Additional options for MIC offload compiler "-O2 -no-prec-div -ipo", additional options for MIC offload linker "-L\"c:\openssl\mic\lib\" -lssl -lcrypto"

So the my main question is why it perform slower twice on the coprocessor than on the computer with 2 cores (2.5Gz per each, 24 threads)?

I try to remove the part of code with RC4 functions and try to remove part of code with compare condition but result does not changed (slower twice).

Please, help me understand the situation.

Regards,

Alexander.

jimdempseyatthecove · ‎11-23-2017

What are the values for: is, js, ks, ls?

>> computer with 2 cores (2.5Gz per each, 24 threads)?

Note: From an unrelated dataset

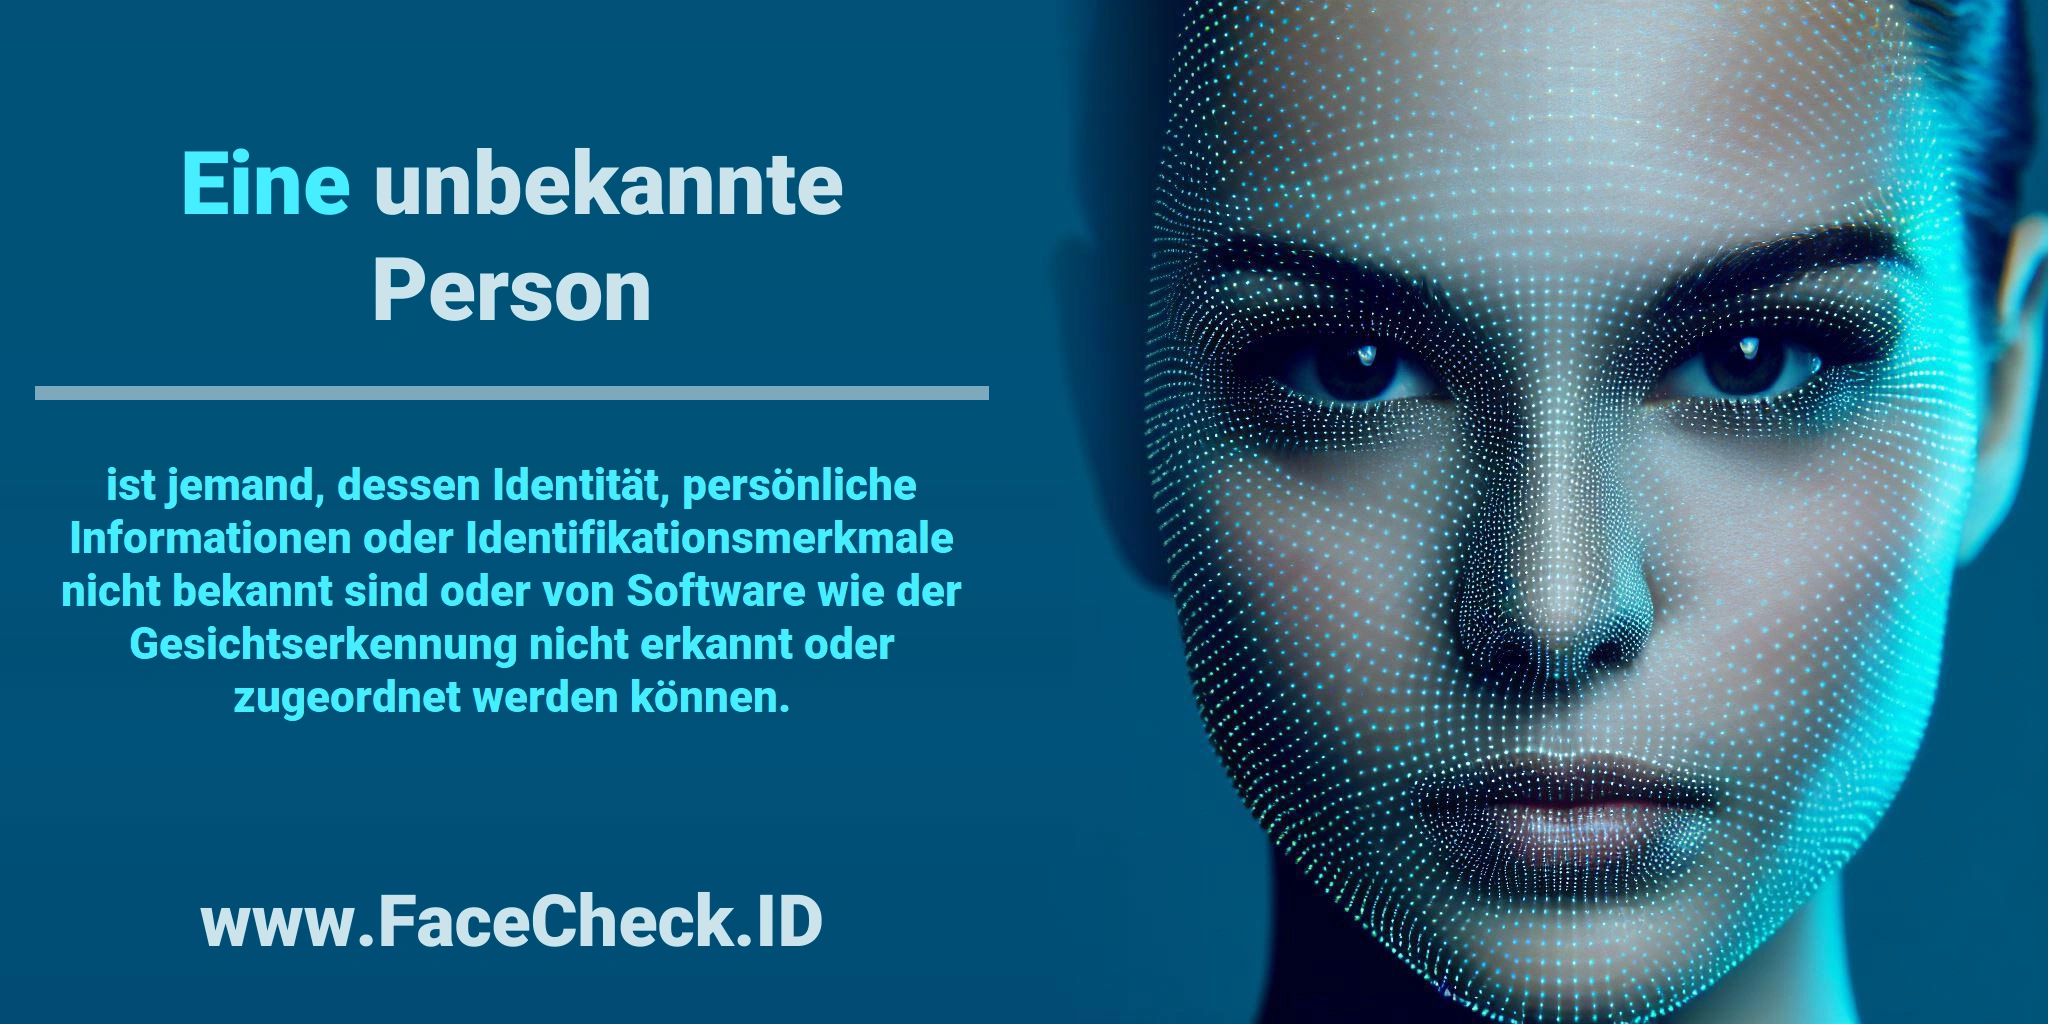 Eine <b>unbekannte Person</b> ist jemand, dessen Identität, persönliche Informationen oder Identifikationsmerkmale nicht bekannt sind oder von Software wie der Gesichtserkennung nicht erkannt oder zugeordnet werden können.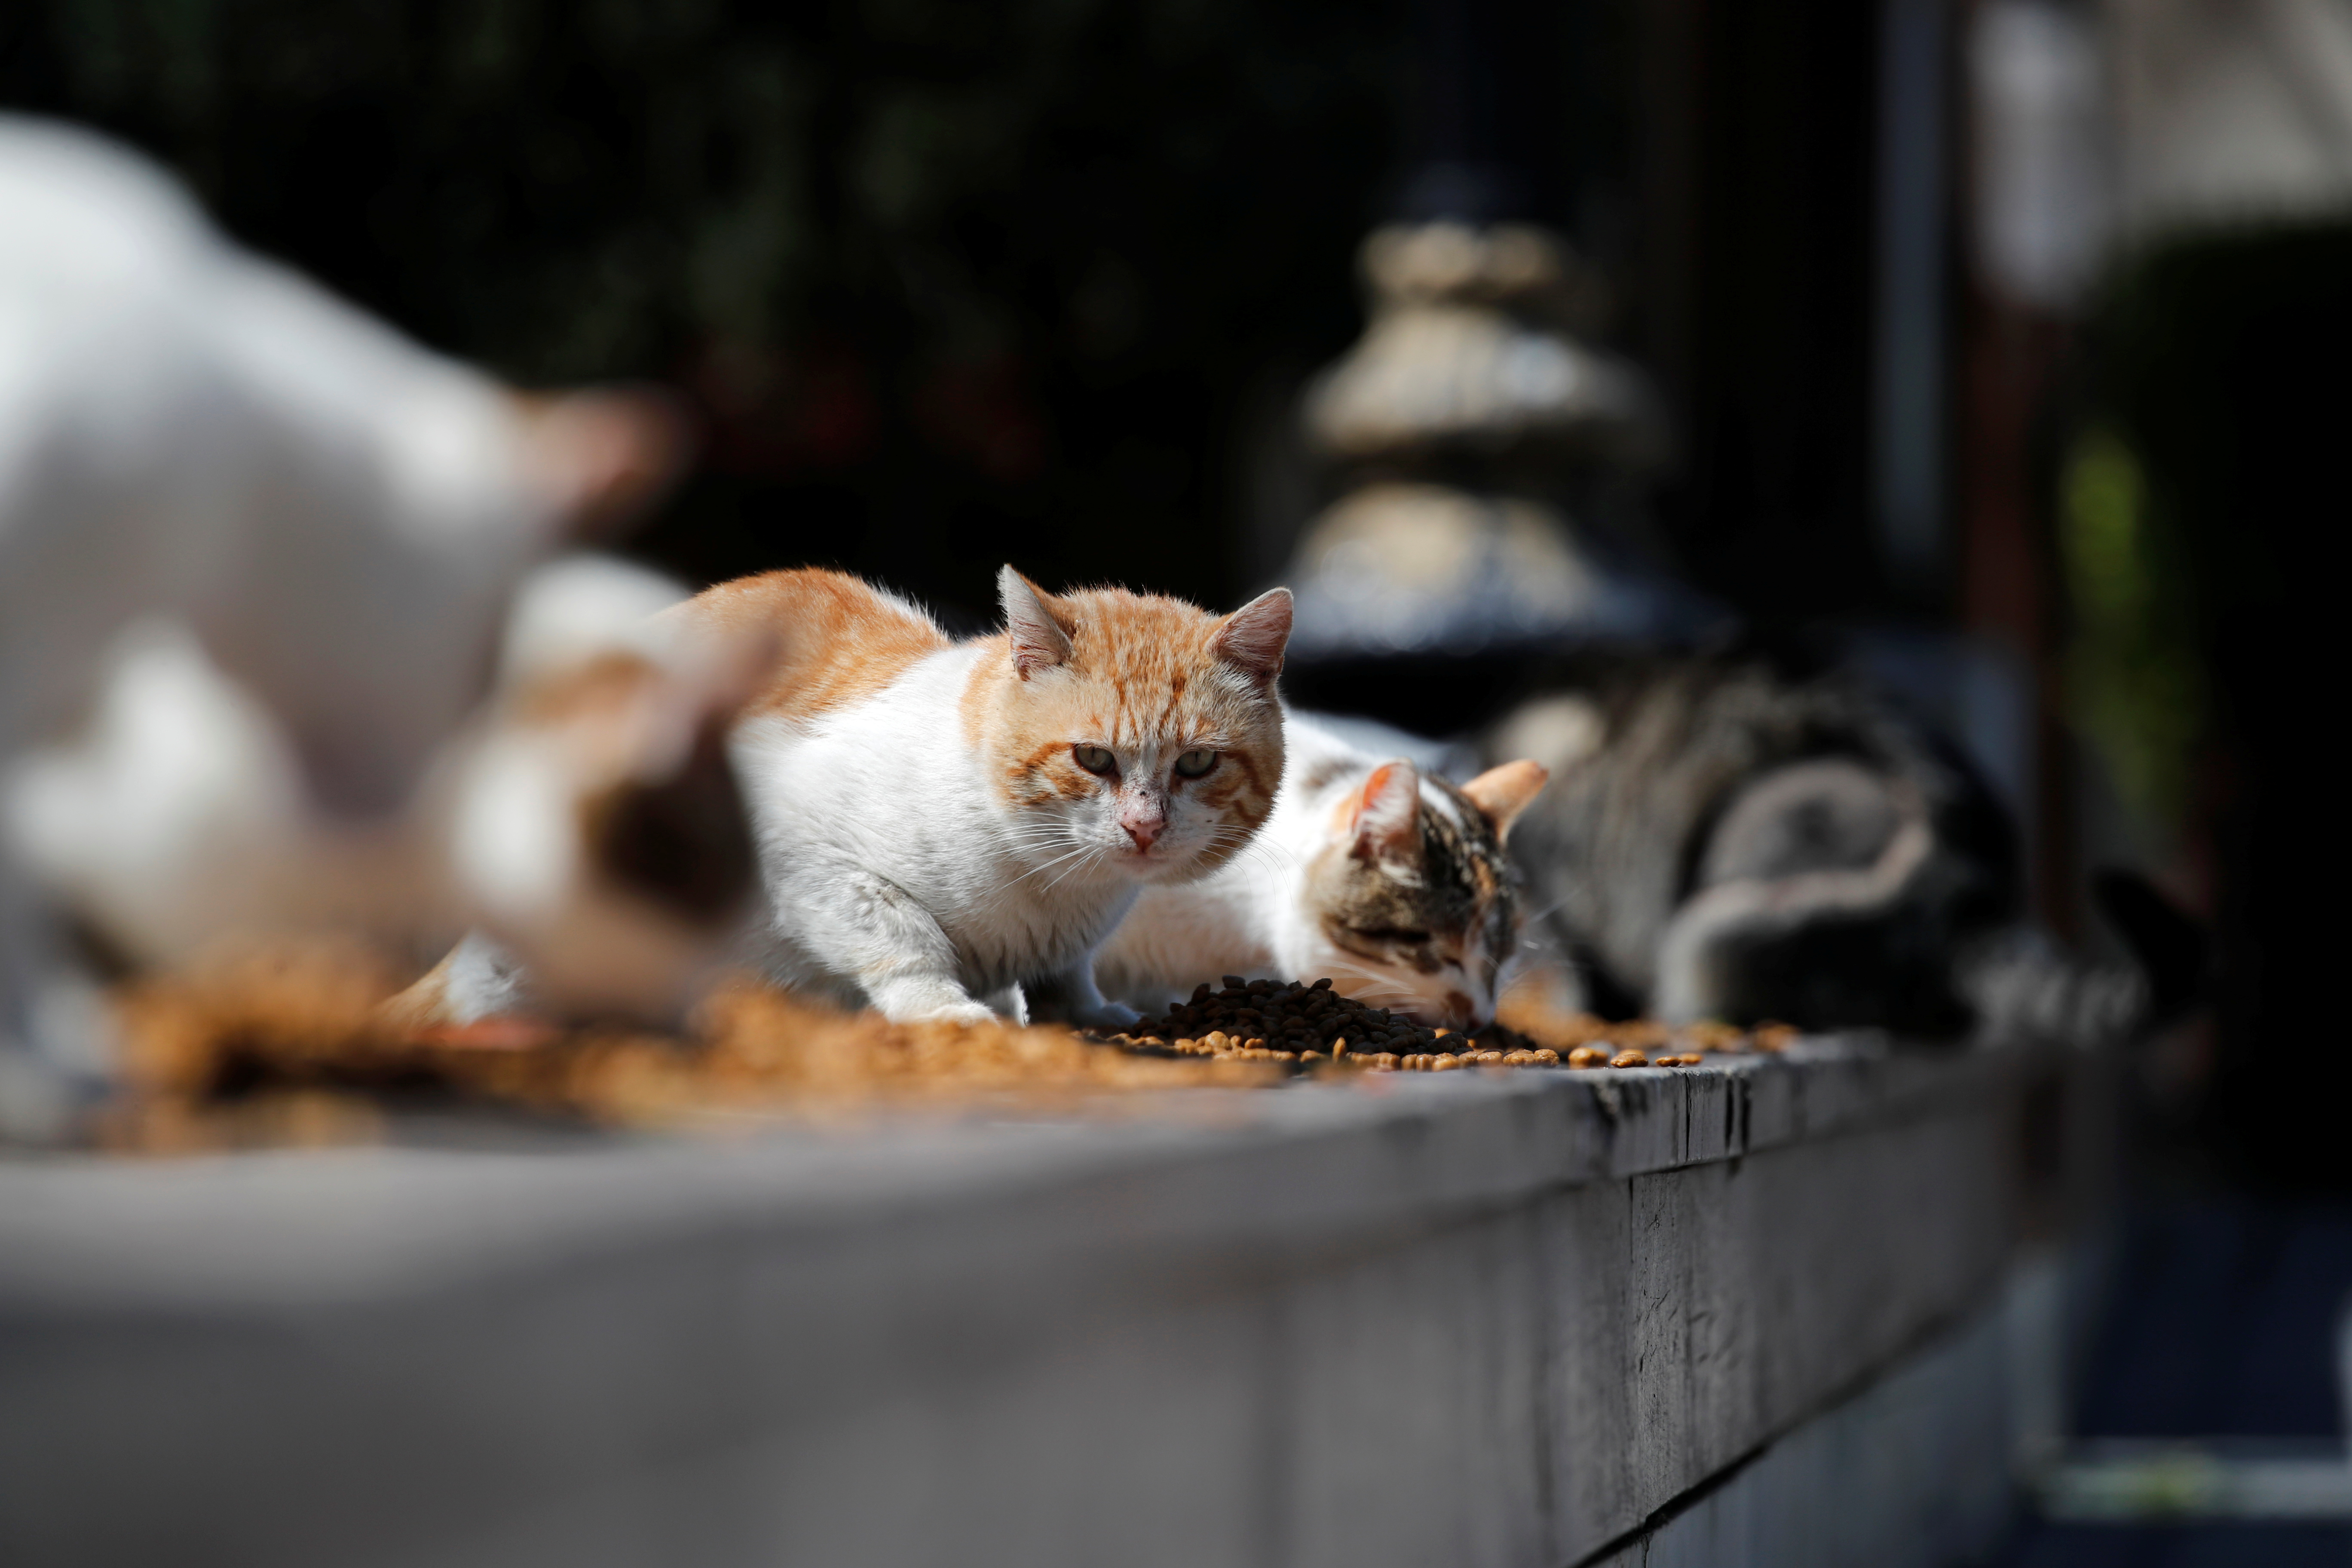 Según los firmantes del escrito, el nuevo anteproyecto de Ley presta especial atención a las colonias de gatos, es decir, grupos de gatos sin dueño que se mantienen gracias al aporte continuado de comida y otros cuidados (REUTERS)

Do you mean 2 CPUs, each with 6 cores, 2 threads per core? (2 x 6 x 2 = 24 hardware threads)

The KNC processor is ~1.3GHz. The scalar integer performance of the above loops are likely to saturate the KNC cores using 2 HT/s per core. So you might want to set

KMP_AFFINITY=scatter
OMP_NUM_THREADS=120

Depending on the values of is, js, ks, ls, you might want to collapse (join) multiple loops

#pragma omp parallel for collapse(2) // or (3) or (4) or (5)

If this is your first parallel region, keep in mind that the first parallel region runtime includes the time to start the process OpenMP thread pool. More threads on the KNC == more overhead. The first offload also has the overhead of copying the offload code into the KNC. To correct for this, time the above offload in a loop such that you can observe the first time, and the 2nd and 3rd run times. This should give you a better idea of performance.

1) use collapse(n) (you determine best n)
2) use timing loop that iterates at least twice around your first offload
3) for this test use 2 threads per core

Note, if your code is not amenable to looping the timed section, then add an offload at the beginning of main. that contains a parallel region. Make sure that this code is not optimized out. something like:

#pragma offload target(mic)
{
  #pragma omp parallel
  if(omp_get_thread_num() == -1) exit(-1);
}

Jim Dempsey

James_C_Intel2 · ‎11-24-2017

As usual, Jim's points are all good. (I'd add that even if is is zero, unless you collapse the loops there is at most parallelism of 256 so you will have significant imbalance with 240 threads, and as soon as is is >15 you have threads for which there is no work at all!)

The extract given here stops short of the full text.